Either party wishing to exercise such right shall give the other party
written notice at least 10 days in advance of the proposed date of closing. You
shall have the right to make such purchase in your discretion under paragraph
(a) above, but shall nonetheless be relieved of any obligation to purchase such
stock under paragraph (b) above, if (I) at the time of the notice and at the
date of closing, the price of a share of Common Stock of the Company shall be
less than $3.80 per share or (ii) the Company shall not have obtained an
effective registration with the SEC under all applicable securities laws and
listing with the bulletin board market place of the shares referenced in
paragraph one above and those being purchased on or before the proposed closing
date, such that such shares are not restricted by any action taken by the
Company at the date of closing and for a reasonable time thereafter to permit
the sale of such shares in the public market.

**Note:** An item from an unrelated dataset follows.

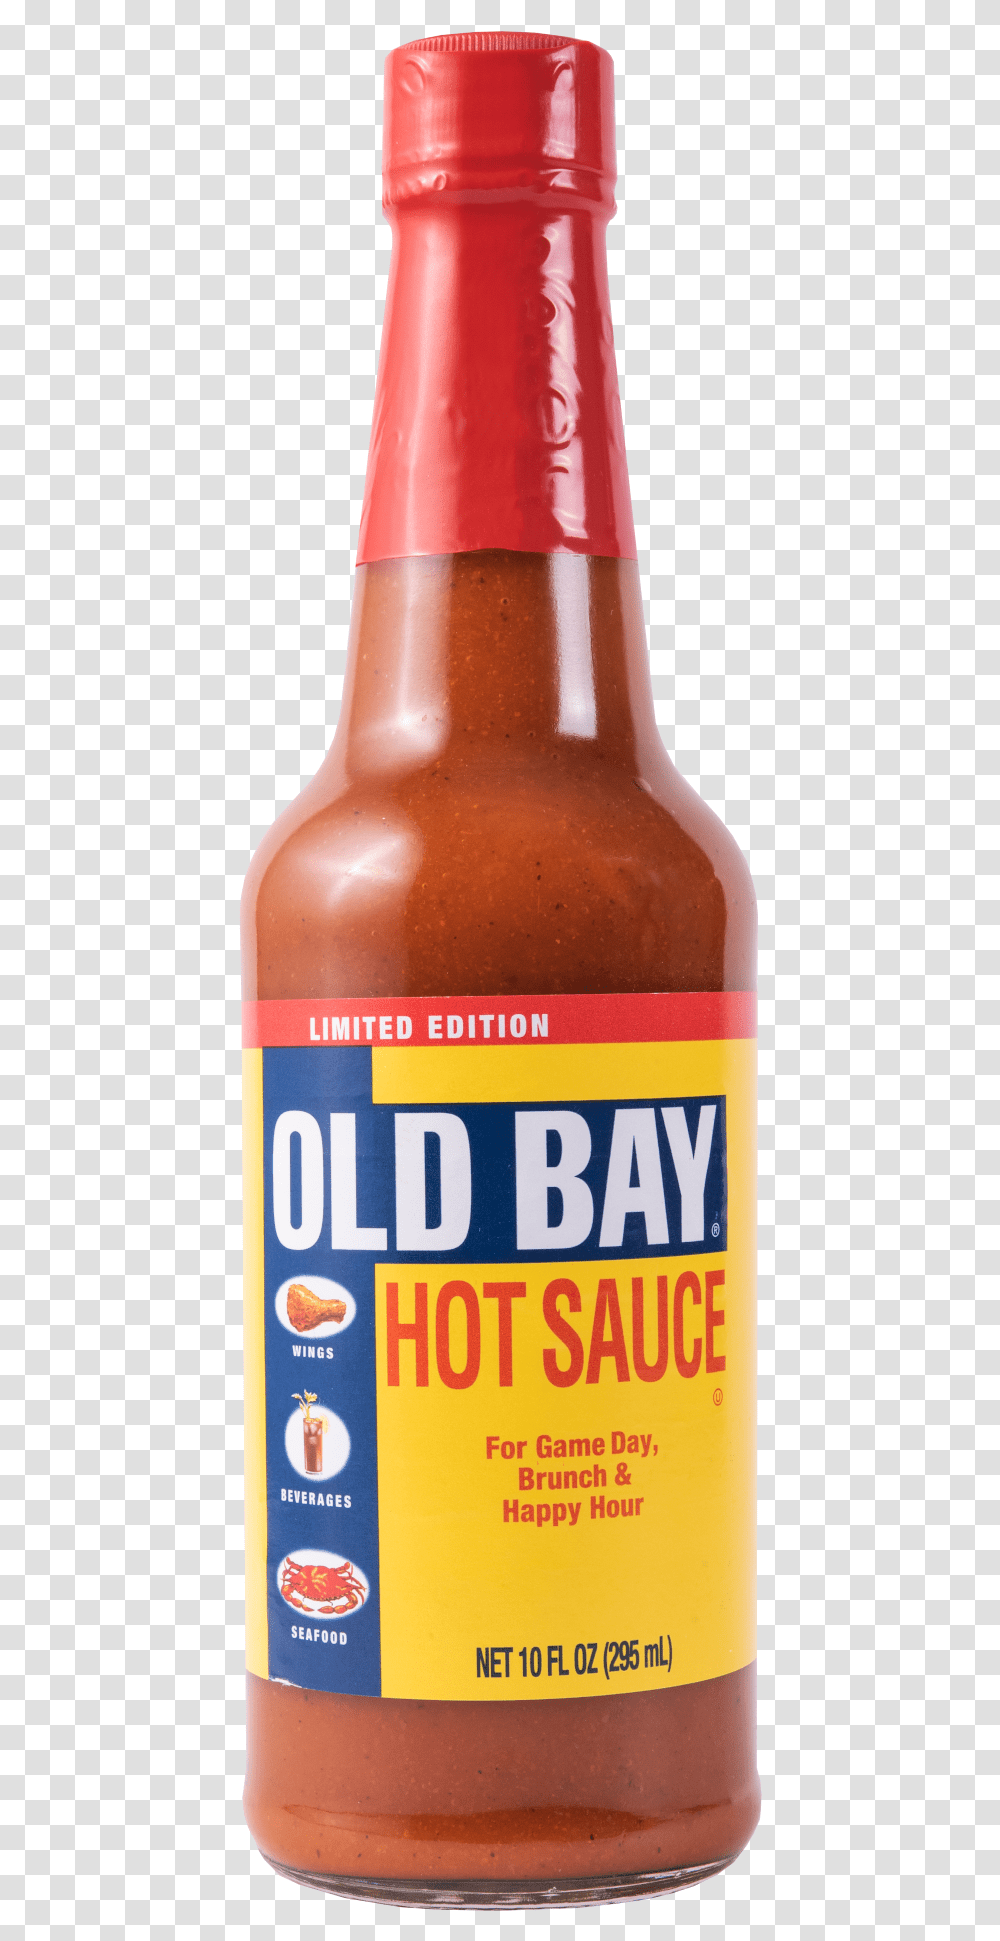 Old Bay Hot Sauce Mccormick, Bottle, Beer, Alcohol, Beverage Transparent Png

The Company agrees to use all best
efforts to effect and maintain any and all such SEC registrations and
appropriate listings, as well as any corresponding registrations necessary under
any applicable state securities laws, in order for you to be able to sell such
shares in the open market as of the date of closing and for a reasonable time
thereafter.
3. Except as specifically set forth herein, the Consulting Agreement
shall not be affected hereby and shall remain in full force and effect except
that you have agreed that any eventual merger between the Company and Two Way TV
shall not trigger any additional compensation.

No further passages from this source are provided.